# Bathtub Question



## cherchie (Mar 4, 2008)

Does anyone know what the point is of having the "step" in one side of the bathtub? The design doesn't even allow enough room to bath a small child so why not just have a shower stall instead?


----------



## skippershe (May 22, 2006)

Short answer to your question is....

There is no point to the step tub!









A few here have done the full tub mod and we hope to do it one day ourselves.

Here are some examples...

Bathtub mod #1

Bathtub mod #2

Bathtub mod #3


----------



## Dan H. (Jul 14, 2006)

In our 21RS the step in the tube is right where the trailer wheels are located. So the full tub mod is a no-go item for me.


----------



## skippershe (May 22, 2006)

Dan H. said:


> In our 21RS the step in the tube is right where the trailer wheels are located. So the full tub mod is a no-go item for me.

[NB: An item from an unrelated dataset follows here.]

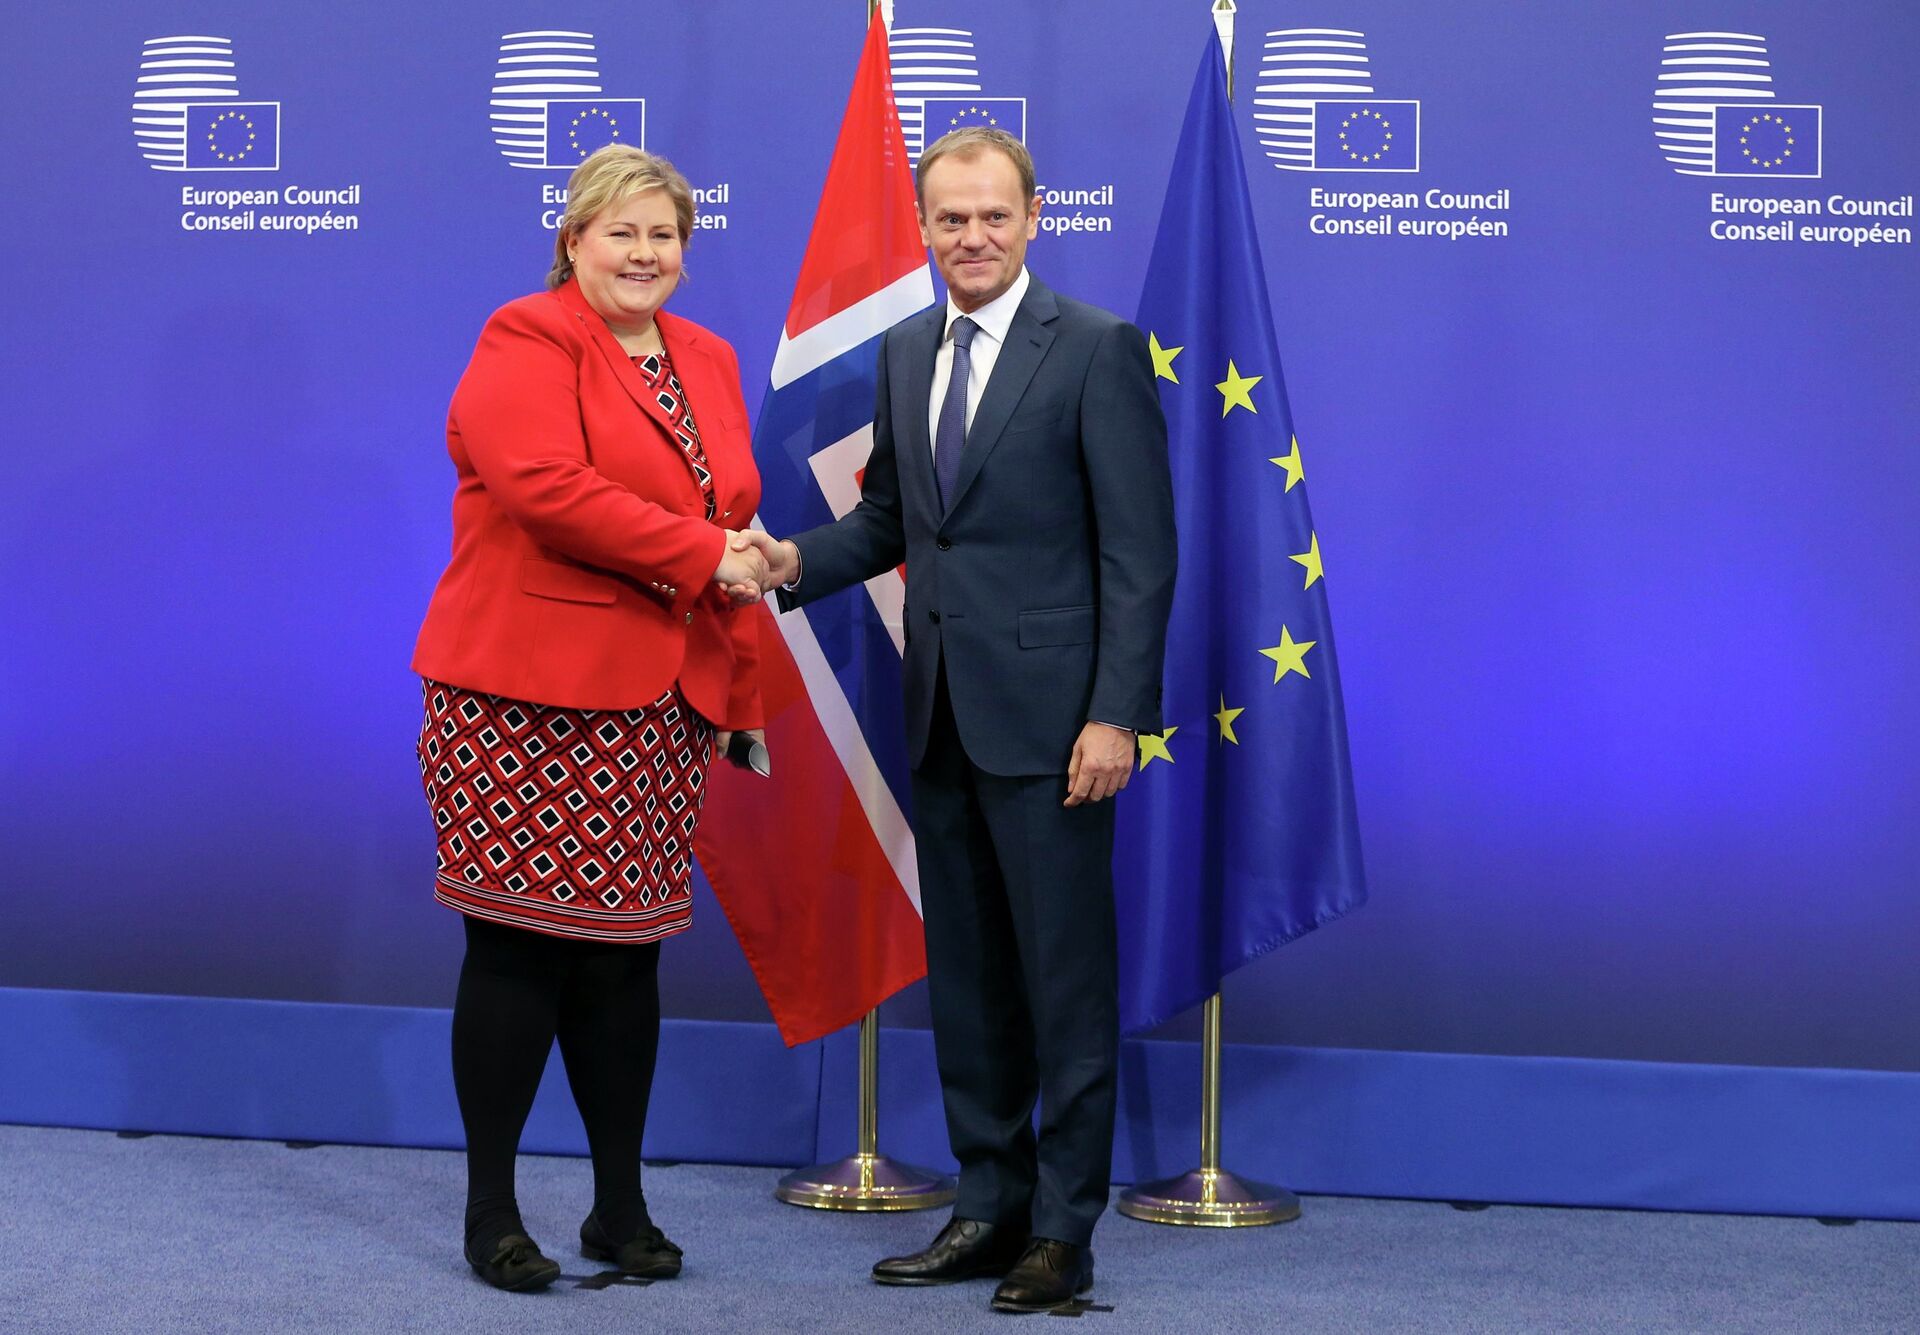 European Council President Donald Tusk poses with Norway's Prime Minister Erna Solberg (L) ahead of a meeting in Brussels January 21, 2015. - Sputnik International, 1920, 11.09.2021

So I guess there is a point to the step tub in the 21rs then...you've got no choice









Our 6 year old sits on the step while getting soaped up and then gets a quick rinse. It works out...
Sometimes you just gotta do whatcha gotta do


----------



## California Jim (Dec 11, 2003)

I suspect that the idea is to sit down. Not sure, just sayin....


----------



## camping479 (Aug 27, 2003)

I also thought you couldn't add a full tub in a 21RS until I checked into it, there is enough clearance for a full tub to fit. For some reason some new 21RS's have full tubs, some don't.

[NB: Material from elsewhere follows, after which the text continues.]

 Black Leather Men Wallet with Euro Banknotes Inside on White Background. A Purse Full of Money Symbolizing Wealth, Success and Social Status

I'm going to do this mod come spring.

Mike


----------



## RizFam (Feb 25, 2006)

*WELCOME TO OUTBACKERS*

There is also the Shower Stall Mod which might be another option for you?

Tami


----------



## Moosegut (Sep 24, 2005)

I've always used it to put one foot up, puff out my chest, put my fists on my waist and and strike a Gaston-like (from Beauty and the Beast) he-man pose - just in case DW ever peeked into the shower.


----------



## RizFam (Feb 25, 2006)

Moosegut said:


> I've always used it to put one foot up, puff out my chest, put my fists on my waist and and strike a Gaston-like (from Beauty and the Beast) he-man pose - just in case DW ever peeked into the shower.


What a visual







thanks just what I needed so early in the morning.


----------



## huntr70 (Jul 8, 2005)

Moosegut said:


> I've always used it to put one foot up, puff out my chest, put my fists on my waist and and strike a Gaston-like (from Beauty and the Beast) he-man pose - just in case DW ever peeked into the shower.


Here I thought you were gonna strike the "Captain Morgan" pose.........









Steve


----------



## Moosegut (Sep 24, 2005)

huntr70 said:


> I've always used it to put one foot up, puff out my chest, put my fists on my waist and and strike a Gaston-like (from Beauty and the Beast) he-man pose - just in case DW ever peeked into the shower.

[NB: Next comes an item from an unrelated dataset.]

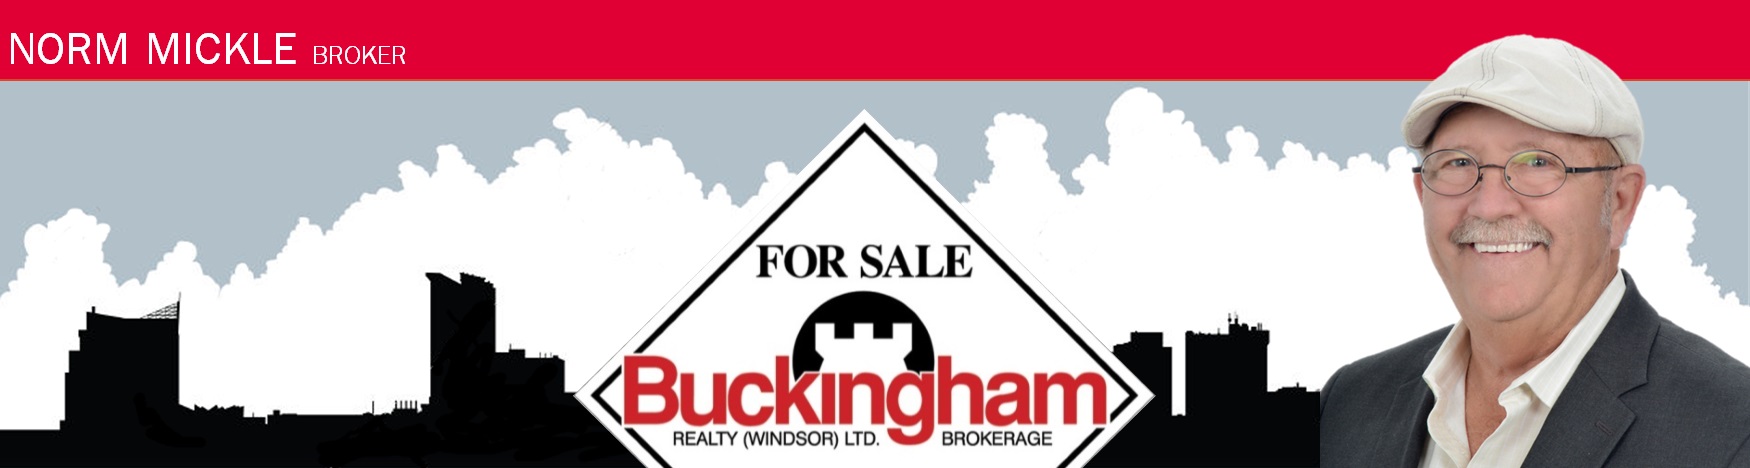 Norm Mickle - Buckingham Realty

Here I thought you were gonna strike the "Captain Morgan" pose.........









Steve
[/quote]
Same thing. But Morgan's boots are a bit too heavy. Gaston's are made of very light leather and they don't slosh so much in the shower. Plus, I could never figure out how to hang the sword from my side in that teeny, weeny shower.


----------



## 4ME (Sep 11, 2006)

I have a 21rs with a full tub installed by the dealer I bought it from.


----------



## battalionchief3 (Jun 27, 2006)

That stupid step makes me feel like im getting a shower in a bucket.


----------



## L A Plouff (Feb 14, 2008)

cherchie said:


> Does anyone know what the point is of having the "step" in one side of the bathtub? The design doesn't even allow enough room to bath a small child so why not just have a shower stall instead?


They finally listened to us and did away with it in 2008 from what I understand.


----------



## justinsnow0 (Feb 5, 2007)

I know this sounds stupid and most likely made up but I was talking to a manufacturing rep at a show and they claim it's for people that are too tall to stand in the shower. They add the sky light also to help tall people but I guess they figure a tall person can sit and bathe? Who knows. I know I hated my step tub.


----------



## skippershe (May 22, 2006)

Have you ever as an adult, sat down on that step, got soap all over you and then tried to stand up???

Not a pretty sight!


----------



## wolfwood (Sep 19, 2005)

cherchie said:


> Does anyone know what the point is of having the "step" in one side of the bathtub? The design doesn't even allow enough room to bath a small child so why not just have a shower stall instead?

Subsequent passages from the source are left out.